Podobnie ma się sprawa z muzą pomorskich metalowców – Zepara i Coffincrushera. Co prawda tego drugiego nie ma już w składzie, ale Zepar dobrał sobie do kompanii Skogena (m.in. BIAŁY VITEŹ, SKOGEN, UPIR) i pewnie za chwilę znów w duecie zmontuje coś mrocznego. Zanim tak się stanie, mamy okazję wysłuchać EP „Silver Knife…”. To kawał „dobrej” muzy, o ile pojęcie dobra w black metalu w ogóle powinno funkcjonować. „Dobra muzyka” to tutaj o tyle niefortunne określenie, że HELL’S CORONATION nie brzmi czysto, świetnie, fajnie…, a co za tym idzie „dobrze”. Brzmienie ma piwniczny posmak, co – nie trudno się chyba domyśleć – jest zabiegiem absolutnie zamierzonym. Taki urok gatunku, w którym pomorska Bestia się porusza. Co ciekawe SAMAEL gra przecież już kompletnie inaczej, a i tak jego twórczość nadal inspiruje innych. I na szczęście nie ta obecna twórczość, a ta, za którą Szwajcarów wielbiliśmy. Dla wielu SAMAEL skończył się po „Blood Ritual”, dla niżej podpisanego po „Ceremony of Opposities”, co nie zmienia faktu, że najbardziej kultowy i tak jest „Worship Him”. W trzech kompozycjach HELL’S CORONATION klimat tej płyty czuć niemal na każdym kroku (momentami słyszę też np. DARKTHRONE z okresu „A Blaze In the Northern Sky”).

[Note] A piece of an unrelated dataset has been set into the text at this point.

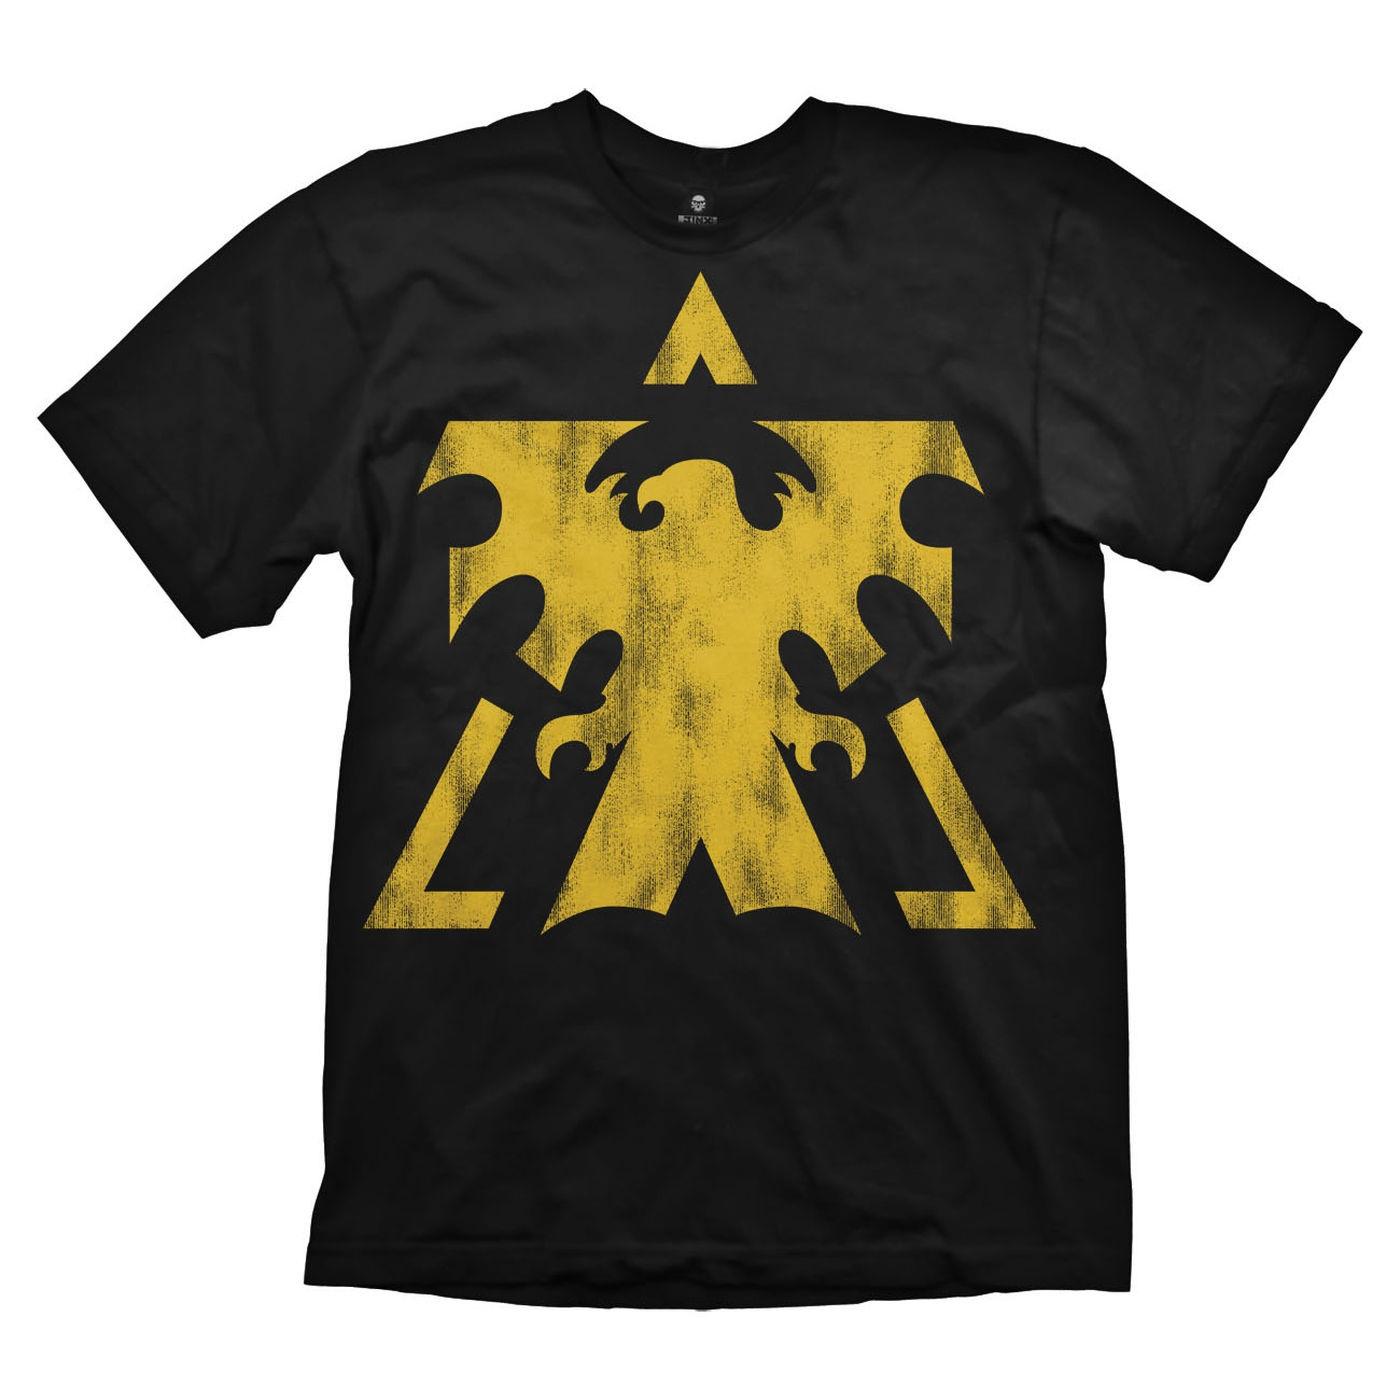 Craft Black Metal T Shirt

I tak sobie słucham tych trzech „walców” z „Silver Knife Mysticism” i się zastanawiam, kiedy panowie nagrają coś dłuższego. Pierwszy album „Ritual Chalice of Hateful Blood” pokazał się w 2019 roku, a poprzedzały go dwie EP. Teraz już wyszły dwie kolejne EP, czas więc chyba na drugiego pełnograja. Ale zanim się doczekamy, warto sięgnąć po ich najświeższy póki co materiał. Może poleżeć w piwnicy i nie straci na wartości, ale po co to odwlekać? Brać, nie gadać, nie żałować! I napierdalać!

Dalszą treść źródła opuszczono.